Background Despite tuberculosis (TB) being a curable disease, current guidelines fail to account for the long-term outcomes of post-tuberculosis lung disease—a cause of global morbidity despite successful completion of effective treatment. Our systematic review aimed to synthesise the available evidence on the lung function outcomes of childhood pulmonary tuberculosis (PTB).

Methods PubMed, ISI Web of Science, Cochrane Library and ProQuest databases were searched for English-only studies without time restriction (latest search date 22 March 2023). Inclusion criteria were (1) patients who had TB with pulmonary involvement at age ≤18 years; (2) pulmonary function tests (PFTs) performed on patients after treatment completion; and (3) observational studies, including cohort and cross-sectional studies. We adhered to the recommendations of the Cochrane Collaboration and the Preferred Reporting Items for Systematic Reviews and Meta-Analyses.

Results From 8040 records, 5 studies were included (involving n=567 children), with spirometry measures from 4 studies included in the meta-analyses. The effect sizes of childhood TB on forced expiratory volume in the first second and forced vital capacity z-scores were estimated to be −1.53 (95% CI −2.65, –0.41; p=0.007) and −1.93 (95% CI −3.35, –0.50; p=0.008), respectively.

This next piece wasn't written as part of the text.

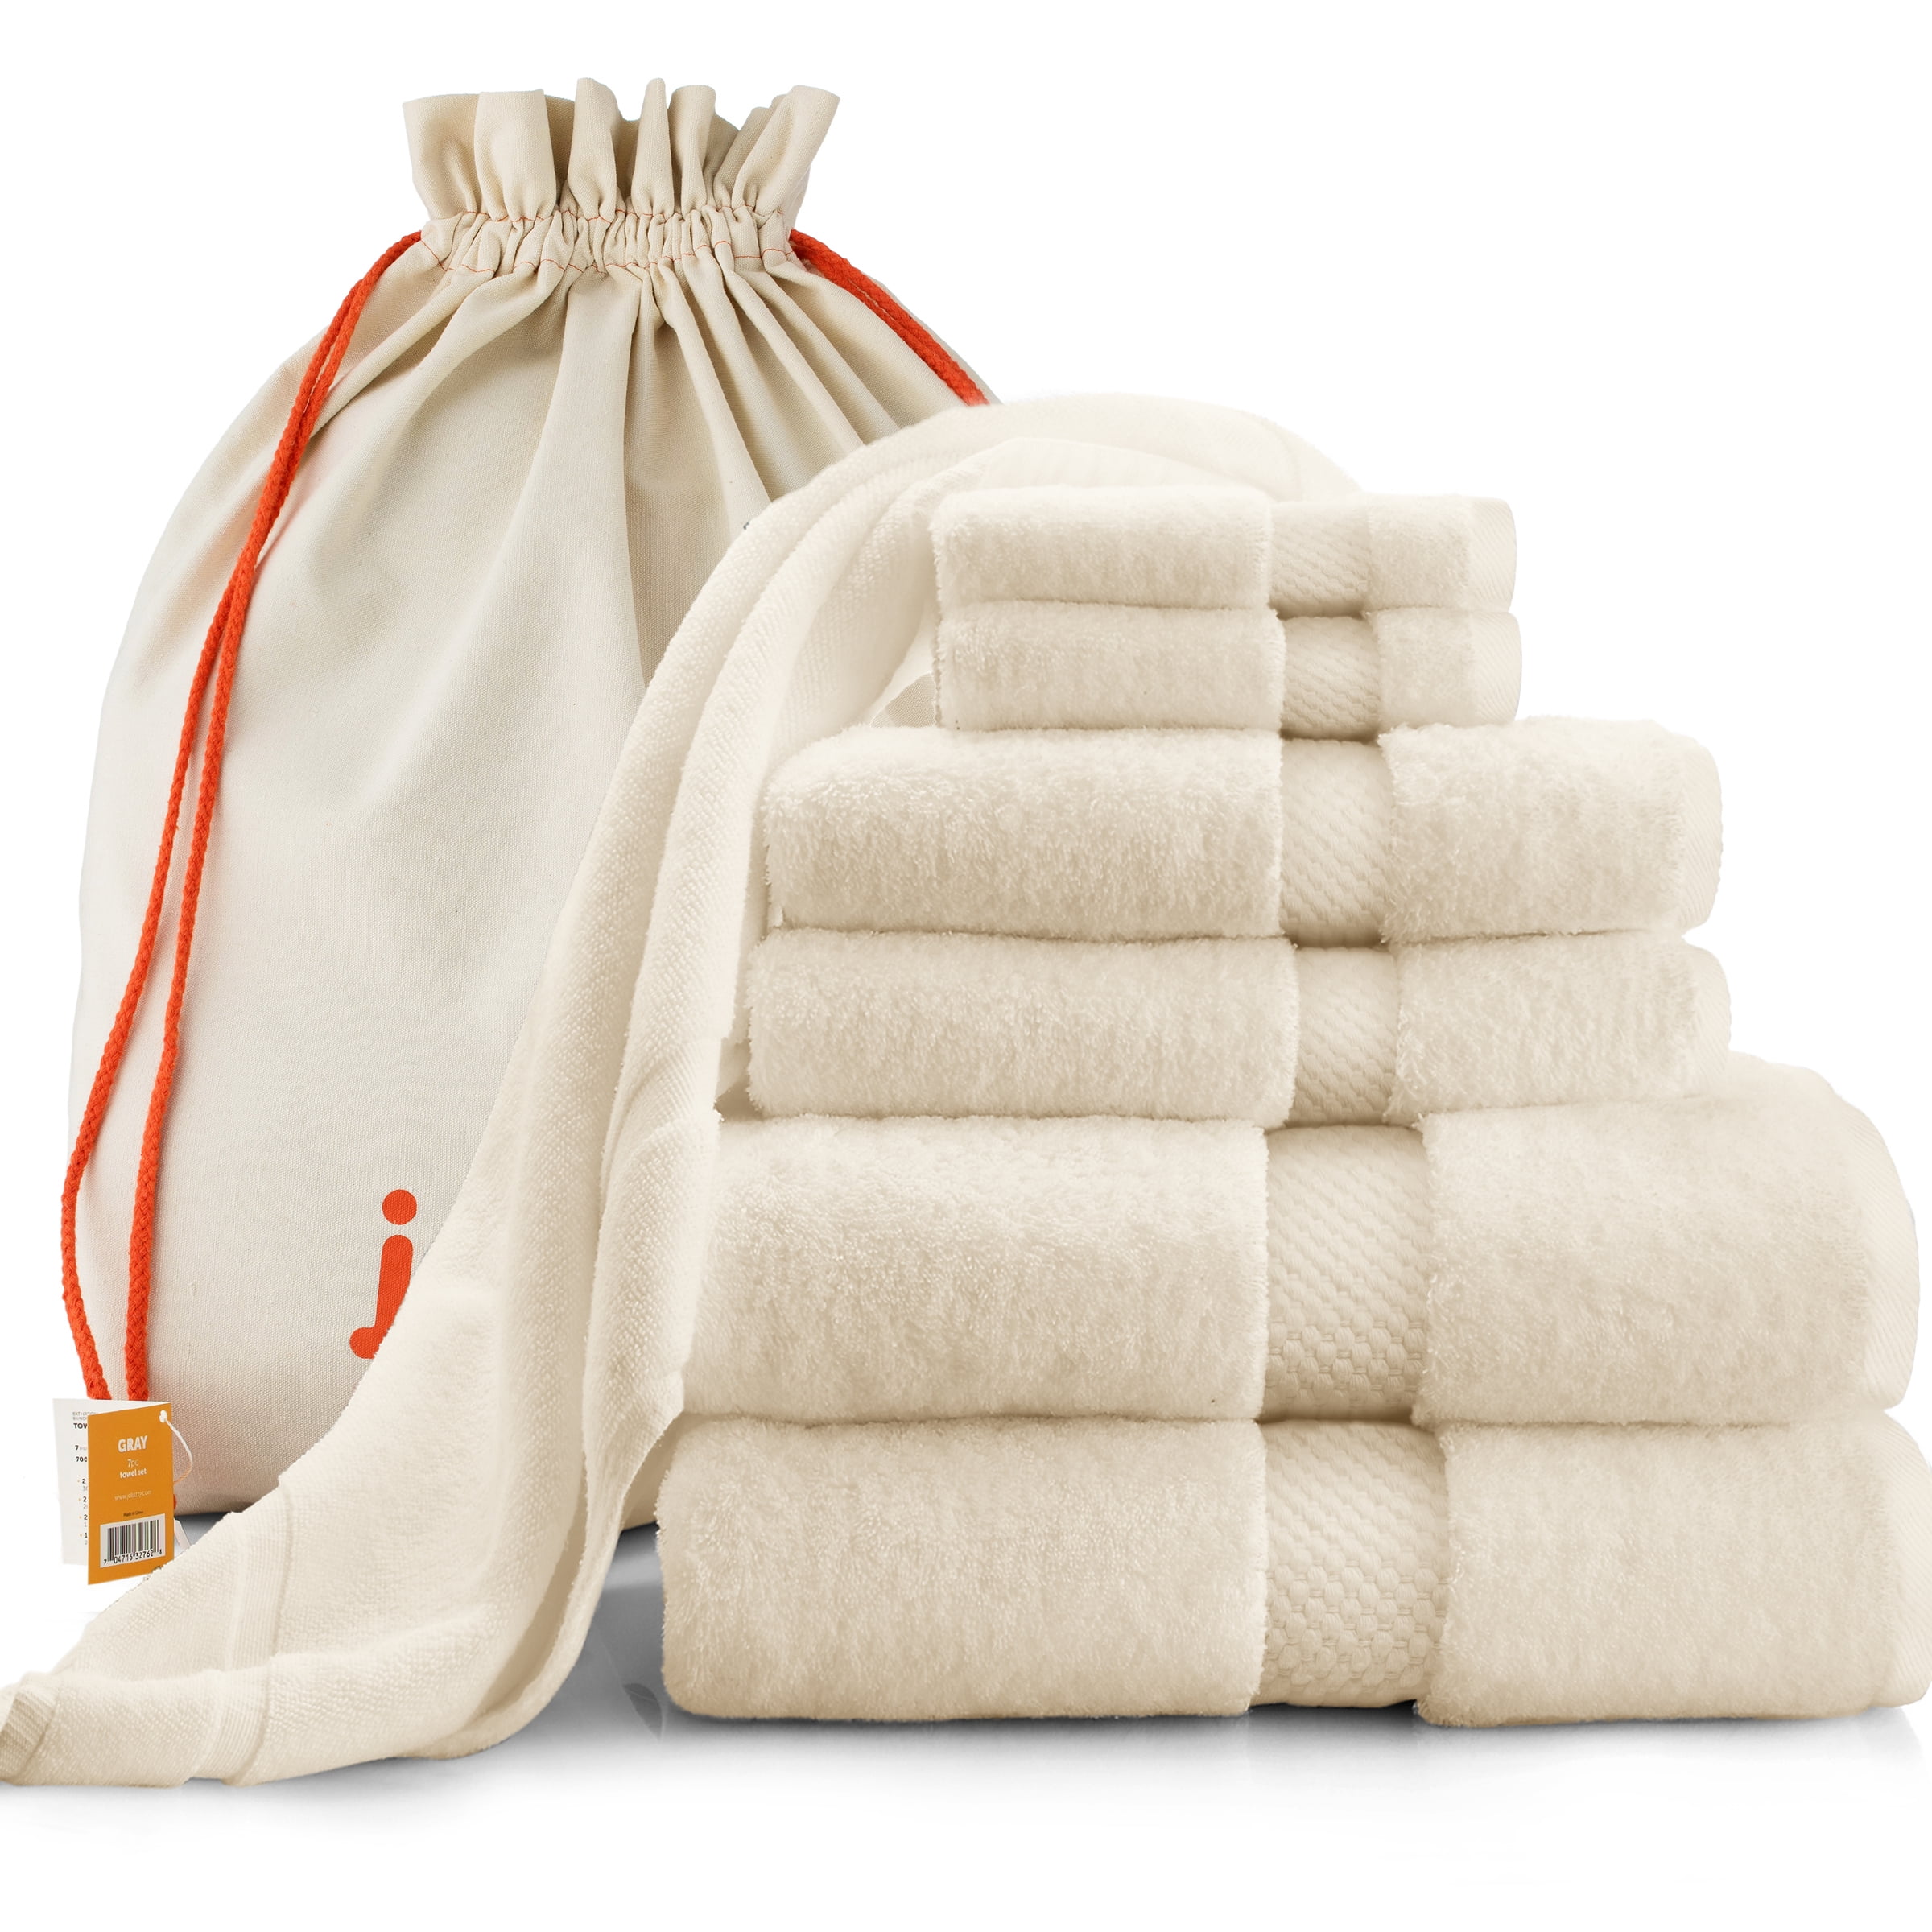 100% Cotton Large Hotel Quality Bath Towel Set Soft & Absorbent Violet Towels Pleasant Home Luxury Bath Towels Set 600 GSM Towels for Bathroom 4 Pack – 27” x 54” Bathroom Towels

Discussion The small number of included studies reflects this under-researched area, relative to the global burden of TB. Nevertheless, as childhood PTB impacts future lung function, PFTs (such as spirometry) should be considered a routine test when evaluating the long-term lung health of children beyond their completion of TB treatment.

PROSPERO registration number CRD42021250172.

  • Paediatrics
  • Respiratory Medicine
  • Child Development
  • Child Health

Data availability statement

All data relevant to the study are included in the article or uploaded as supplementary information.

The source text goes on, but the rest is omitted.